Dec 7, 2013, 11:01:04 AM12/7/13

to rna-...@googlegroups.com

Hi Daofeng,

you can use

--readFilesIn Read1a.gz,Read1b.gz Read2a.gz,Read2b.gz

to map multiple lanes "a","b" ... In this list comma separates different lanes of the same mate (1st or 2nd), while space separates the mates.

Cheers

Alex

Daofeng Li

unread,

Dec 12, 2013, 12:28:25 PM12/12/13

to rna-...@googlegroups.com

Yes, it works,

Thank you very much Alex.

prpven

unread,

Dec 16, 2013, 11:17:39 AM12/16/13

to rna-...@googlegroups.com

Similarly, can I input mixed single and paired-end reads as follows:

--readFilesIn SingleReads.gz ReadPair1.gz,ReadPair1.gz

Thanks.

Yifang Tan

unread,

Aug 16, 2016, 5:17:45 PM8/16/16

to rna-star

Hell Alex:
I came across this question when I trying STAR to map mixture of SE and PE reads after trimming from the same lane.
What's the command line for this situation?

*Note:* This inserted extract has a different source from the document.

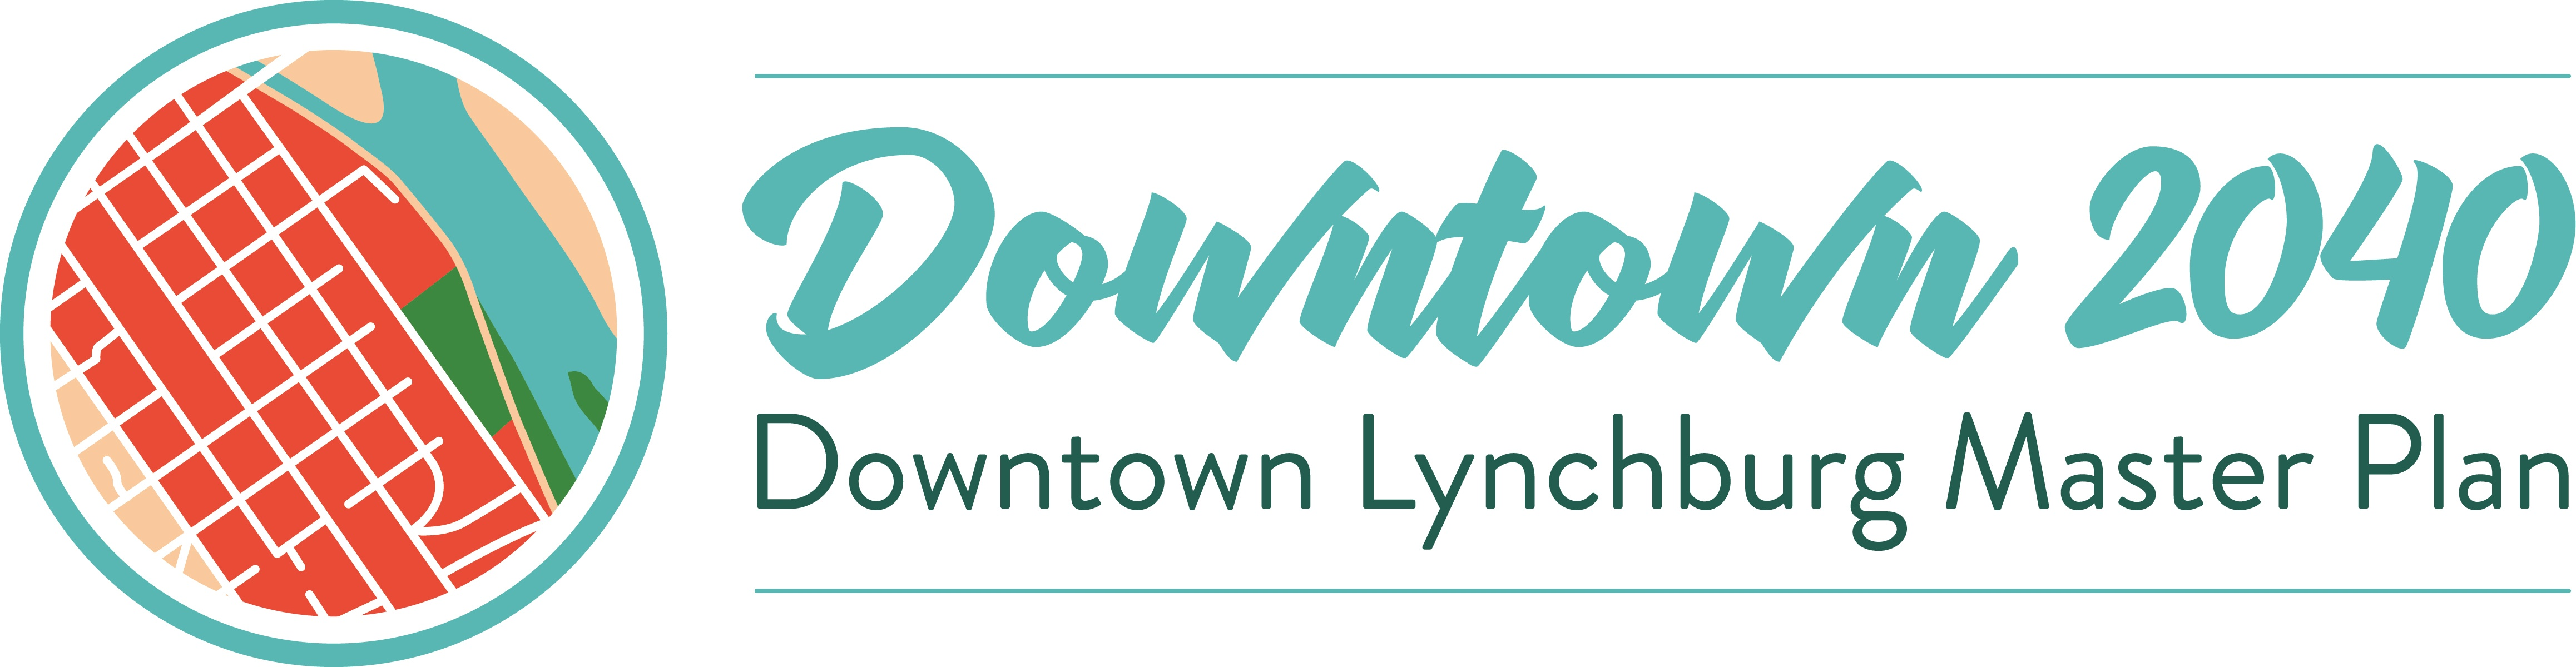 Downtown 2040_4C.jpg

"So, if you specify one file name STAR will now it's single-end, and if you specify two file names, separated by space, that it's paired-end.

you can use:--readFilesIn Read1a.gz,Read1b.gz Read2a.gz,Read2b.gz

to map multiple lanes "a","b" ... In this list comma separates different lanes of the same mate (1st or 2nd), while space separates the mates. "

This is your old reply, but I am still not clear with mixture of SE and PE.

My try is:
--readFilesIn read1_SE.fq.gz,read2_SE.fq.gz,PE_read1.fq.gz PE_read2.fq.gz
Is this correct?

Thanks a lot!

Yifang

Alexander Dobin

unread,

Aug 17, 2016, 12:22:08 PM8/17/16

to rna-star

Hi Yifang,

you cannot mix SE and PE reads in one run - you would need to map them separately, and then merge the BAM files.

Cheers

Alex

Catalina Aguilar Hurtado

unread,

Jan 17, 2018, 11:22:49 AM1/17/18

to rna-star

Hi Alex,

I have 48 pair samples to map. Does that mean that all 48 R1 samples and 48 R2 samples are separated by a space? Do I need to change their names to 1 and 2? Or STAR will identify that S1_F and S1_R are pairs?

e.g.

S1_F_paired.fq.gz,S10_F_paired.fq.gz,S11_F_paired.fq.gz,S12_F_paired.fq.gz,S13_F_paired.fq.gz,S14_F_paired.fq.gz,S15_F_paired.fq.gz S1_R_paired.fq.gz,S10_R_paired.fq.gz,S11_R_paired.fq.gz,S12_R_paired.fq.gz,S13_R_paired.fq.gz,S14_R_paired.fq.gz,S15_R_paired.fq.gz

Thanks,

Cata

Alexander Dobin

unread,

Jan 17, 2018, 4:26:23 PM1/17/18

to rna-star

Hi Catalina,

your example string looks good to me.

To recap, you have to have two lists, for read1 and read2. There should be a space between the two lists.

Within each list, the files have to be separated by commas, but no spaces. The naming of the files does not matter, but the order of the files for the read1 list and read2 lists have to be exactly the same - this is how STAR matches the files.

Cheers

Alex

Catalina Aguilar Hurtado

unread,

Jan 18, 2018, 5:37:45 PM1/18/18

to rna-star

Thanks for the explanation, it worked!

Lizhen Wu

unread,

Jan 2, 2019, 10:44:45 AM1/2/19

to rna-star

Hi, I have created a list of Read1 and Read2. But the output file is only one "Aligned.out.sam". I wonder if the output file is overwritten? Thanks.

Alexander Dobin

unread,

Jan 4, 2019, 1:30:18 PM1/4/19

to rna-star

Hi Lizhen,

if you use comma separated lists in one STAR command, all the results will be output in one file.

If you want separate outputs per sample, you would need to run them separately, e.g. using shell for-loop.